In this paper, we consider a spectrally negative Markov additive risk process. Using the theory of Jordan chain, a compact formula of Parisian ruin probability is given. The formula depends only on the scale matrix of spectrally negative Markov additive risk processes and the transition rate matrix $\Lambda^{q}$.

1 Introduction

During the last few years, continuous-time spectrally negative Markov additive processes (SN-MAPs) has attracted a lot of attention. The SN-MAPs are a generalization of the Lévy processes with no positive jumps which can be seen a spectrally negative Lévy processes with Markov environment. Kyprianou and Palmowski [1] proved the existence of the scale matrix for SN-MAPs, which counterpart to the scale function of Lévy processes. Ivanovs and Palmowski [2] discussed the exist problems for spectrally negative SN-MAPs, and gave some identities for two-sided reflection SN-MAPs. These results are fundament of this paper.

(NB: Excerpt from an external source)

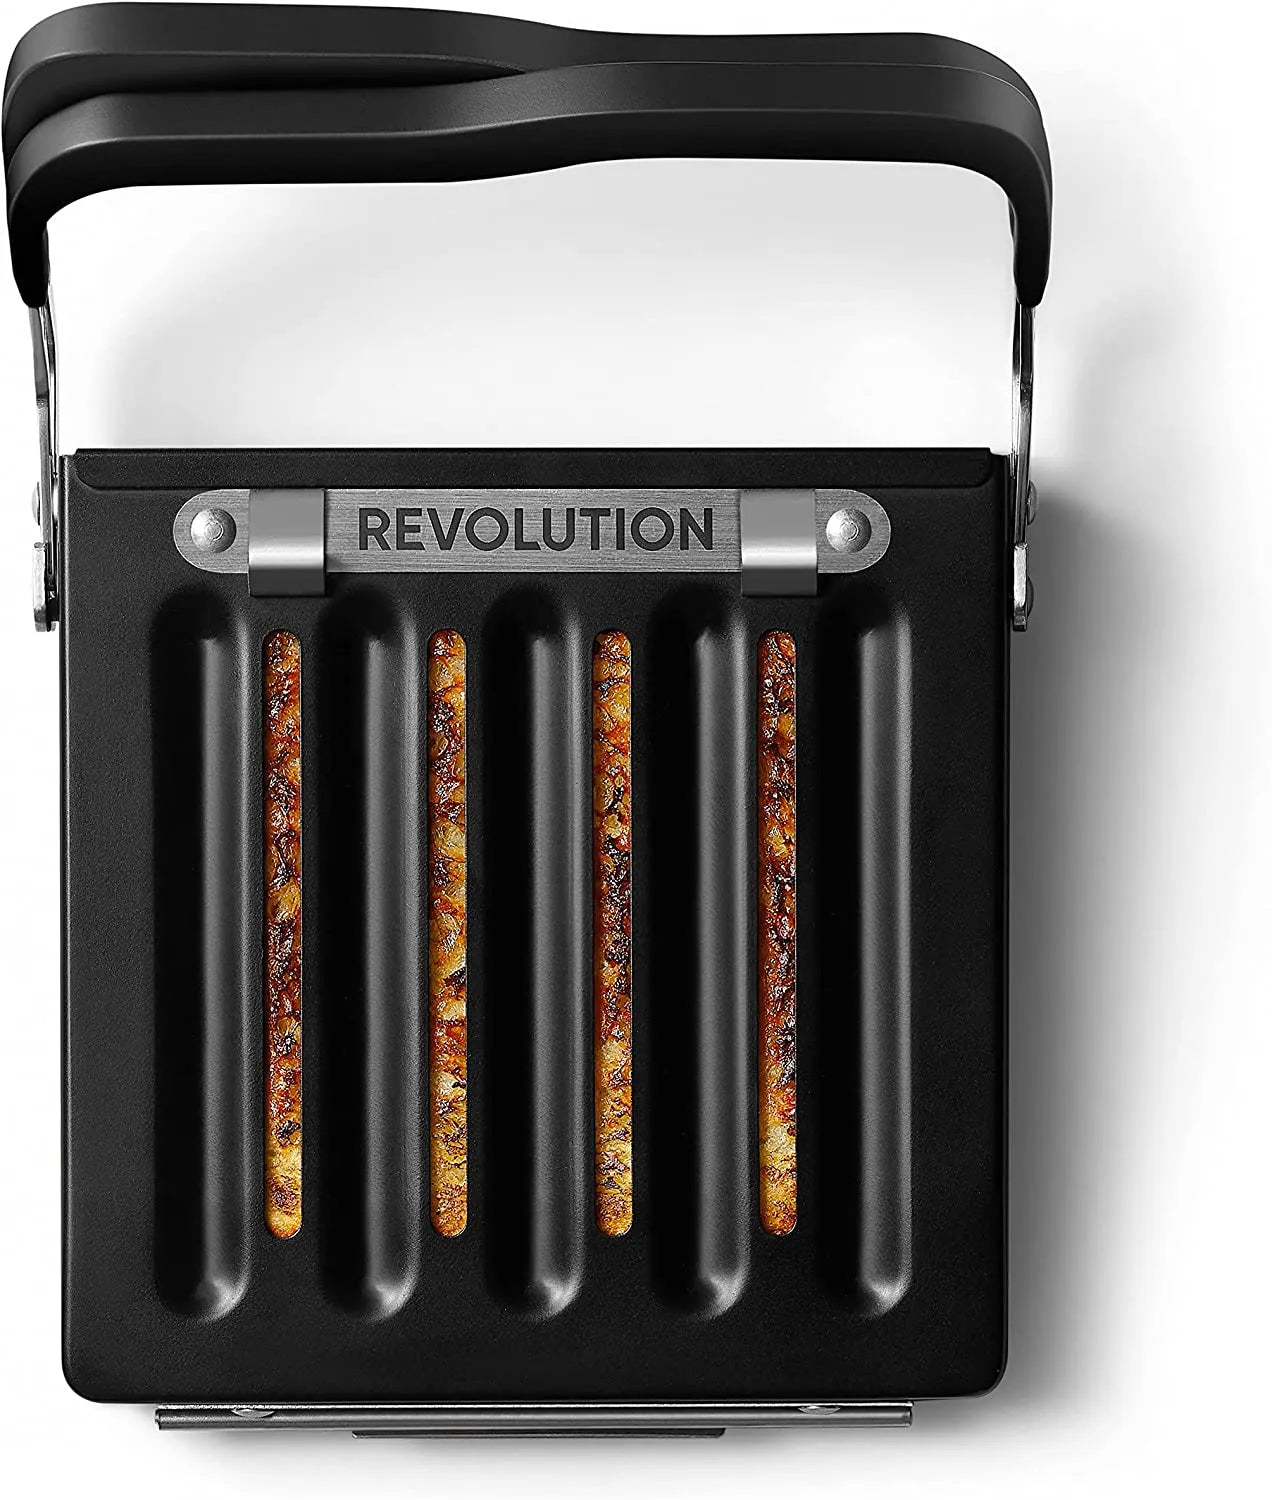 Revolution™ Toaster

Now, let us introduce some notations which can be found in Kyprianou and Palmowski [1] and Albrecher and Ivanovs [3]. Let $(X(t), J(t))$ be a spectrally negative Markov additive process on a filtered probability space $(\Omega, \mathcal{F}, \mathbf{F}, \mathbb{P})$. The process The filtration $\mathbf{F} = \{\mathcal{F}_{t} : t \geq0\}$ is right-continuous and augmented. For all $t\geq0$, the process $(X(t), J(t))$ is adapted to the filtration $\mathcal{F}_{t}$. In this paper, $X(t)$ denotes a surplus of insurance company, which is a real-valued right-continuous process with left limits. And $J(t)$ represents the stochastic environment, which is an irreducible Markov chain with finite state space $E=\{1,\ldots, n\}$, the intensity matrix (transition rate matrix) $Q=(q_{ij})_{i,j\in E}$ and the stationary distribution π.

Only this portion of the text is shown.